Although consideration of both the atom economy and the % yield, gives a much better measure of the efficiency of a reaction and its environmental acceptability, other factors need to be considered.  To prompt a discussion of the environmental acceptability of a reaction it is prudent to study some of  the Twelve Principles of Green Chemistry (see below).  Principle numbers 1 and 2 are directly addressed by atom economy and yield.

THE TWELVE PRINCIPLES OF GREEN CHEMISTRY4

1. It is better to prevent waste than to treat or clean up waste after it is
formed.

2. Synthetic methods should be designed to maximize the incorporation
of all materials used in the process into the final product.

3. Wherever practicable, synthetic methodologies should be designed to
use and generate substances that possess little or no toxicity to human
health and the environment.

4. Chemical products should be designed to preserve efficacy of function
while reducing toxicity.

5. The use of auxiliary substances (e.g. solvents, separation agents, etc.)
should be made unnecessary whenever possible and, innocuous when
used.

6. Energy requirements should be recognized for their environmental and
economic impacts and should be minimized.  Synthetic methods
should be conducted at ambient temperature and pressure.

7. A raw material feedstock should be renewable rather than depleting
whenever technically and economically practical.

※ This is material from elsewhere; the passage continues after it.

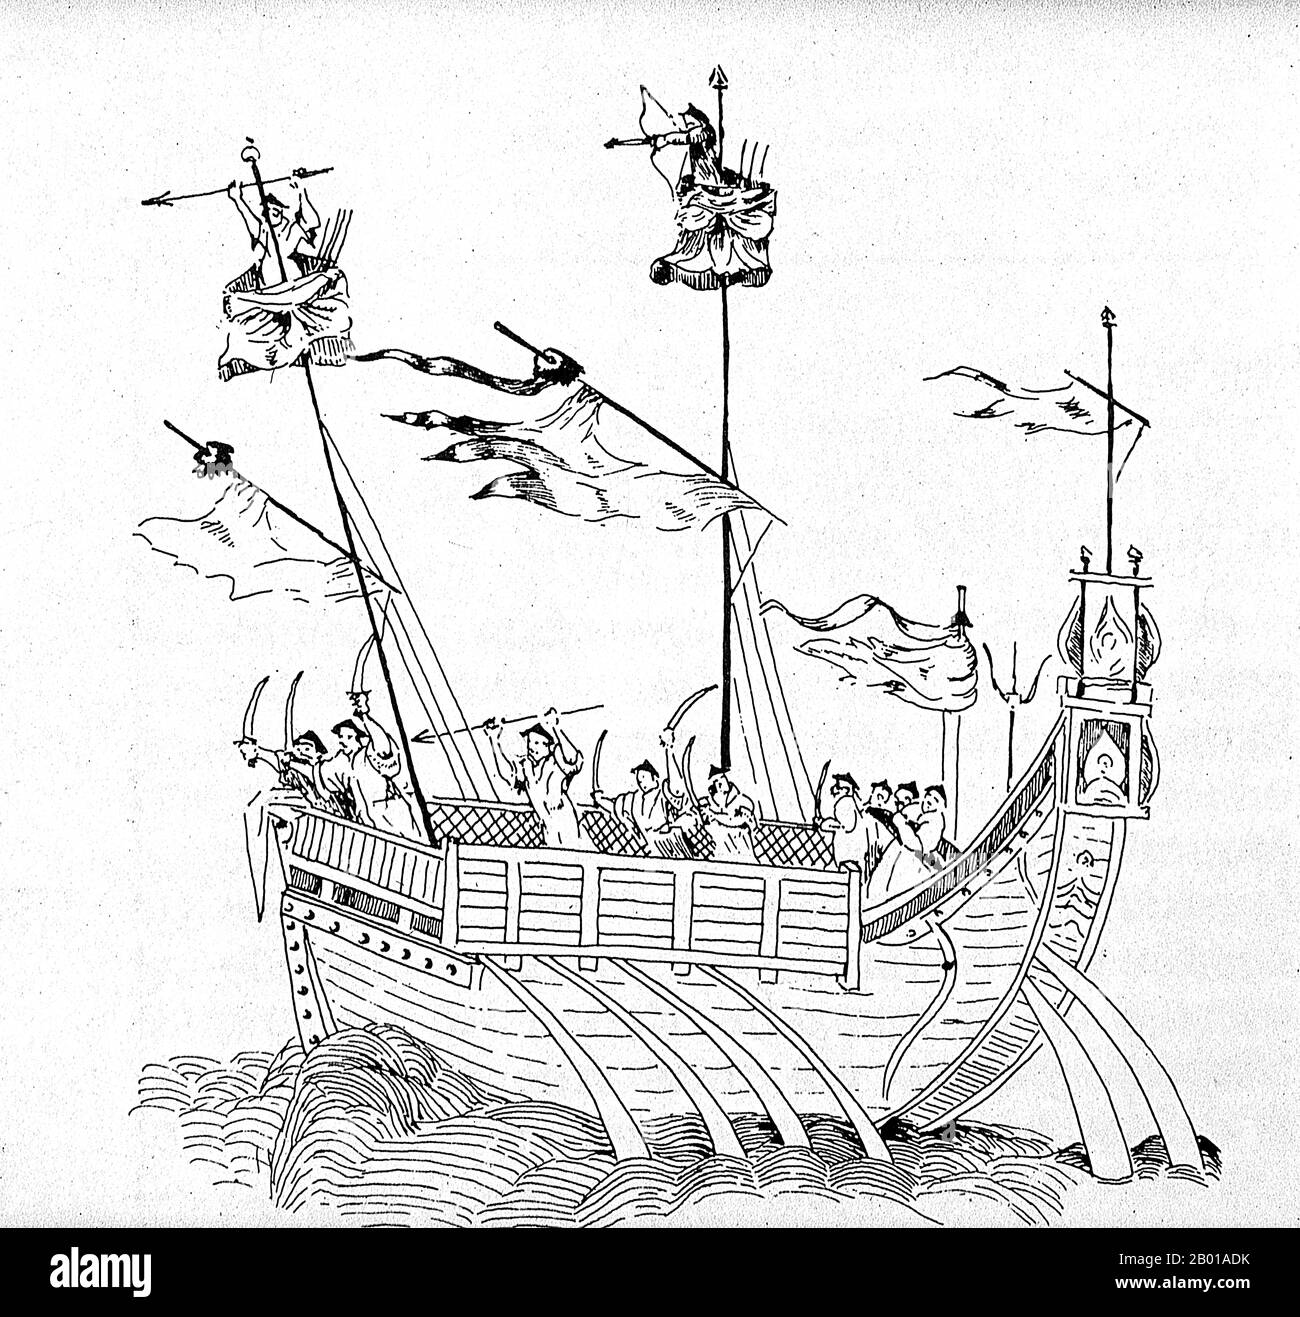 China: Ein zweimastiger Kriegsschrott der Ming-Dynastie, ca. Anfang des 17.. Jahrhunderts. Ein Schrott ist ein altes chinesisches Segelschiff Design noch heute in Gebrauch. Dschunks wurden während der Han-Dynastie (206 v. Chr. – 220 n. Chr.) entwickelt und wurden bereits im 2.. Jahrhundert n. Chr. als Seeschiffe eingesetzt. Sie entwickelten sich in den späteren Dynastien und wurden in ganz Asien für ausgedehnte Ozeanreisen genutzt. Sie wurden in geringerer Zahl in ganz Südostasien und Indien gefunden, vor allem aber in China, vielleicht am bekanntesten in Hongkong. Stockfoto

8. Unnecessary derivatization (blocking group, protection/deprotection,
temporary modification of physical/chemical processes) should be
avoided whenever possible.

9. Catalytic reagents (as selective as possible) are superior to
stoichiometric reagents.

10. Chemical products should be designed so that at the end of their
function they do not persist in the environment and break down into

11. Analytical methodologies need to be further developed to allow for
real-time in-process monitoring and control prior to the formation of
hazardous substances.

12. Substances and the form of a substance used in a chemical process
should chosen so as to minimize the potential for chemical accidents,
including releases, explosions, and fires.

Principles 3 and 4 deal with the toxicity of all substances used in a reaction including the reactants and products.  Considering Equation 1 it is clear that the two hydrogens and one oxygen that go into the formation of water are wasted.  However if a reaction is going to form a waste product, then water is about as environmentally benign (nontoxic and presents no disposal problem if it is pure) as can be imagined.  However all the products and the reactants should be evaluated for their toxicity. Excellent examples of the formation of less toxic products that have the same efficacy, are seen in new pesticides developed by Rohm and Haas for controlling insects and for controlling marine fouling organisms.  Each of these new examples of pesticides have won a Presidential Green Chemistry Challenge award.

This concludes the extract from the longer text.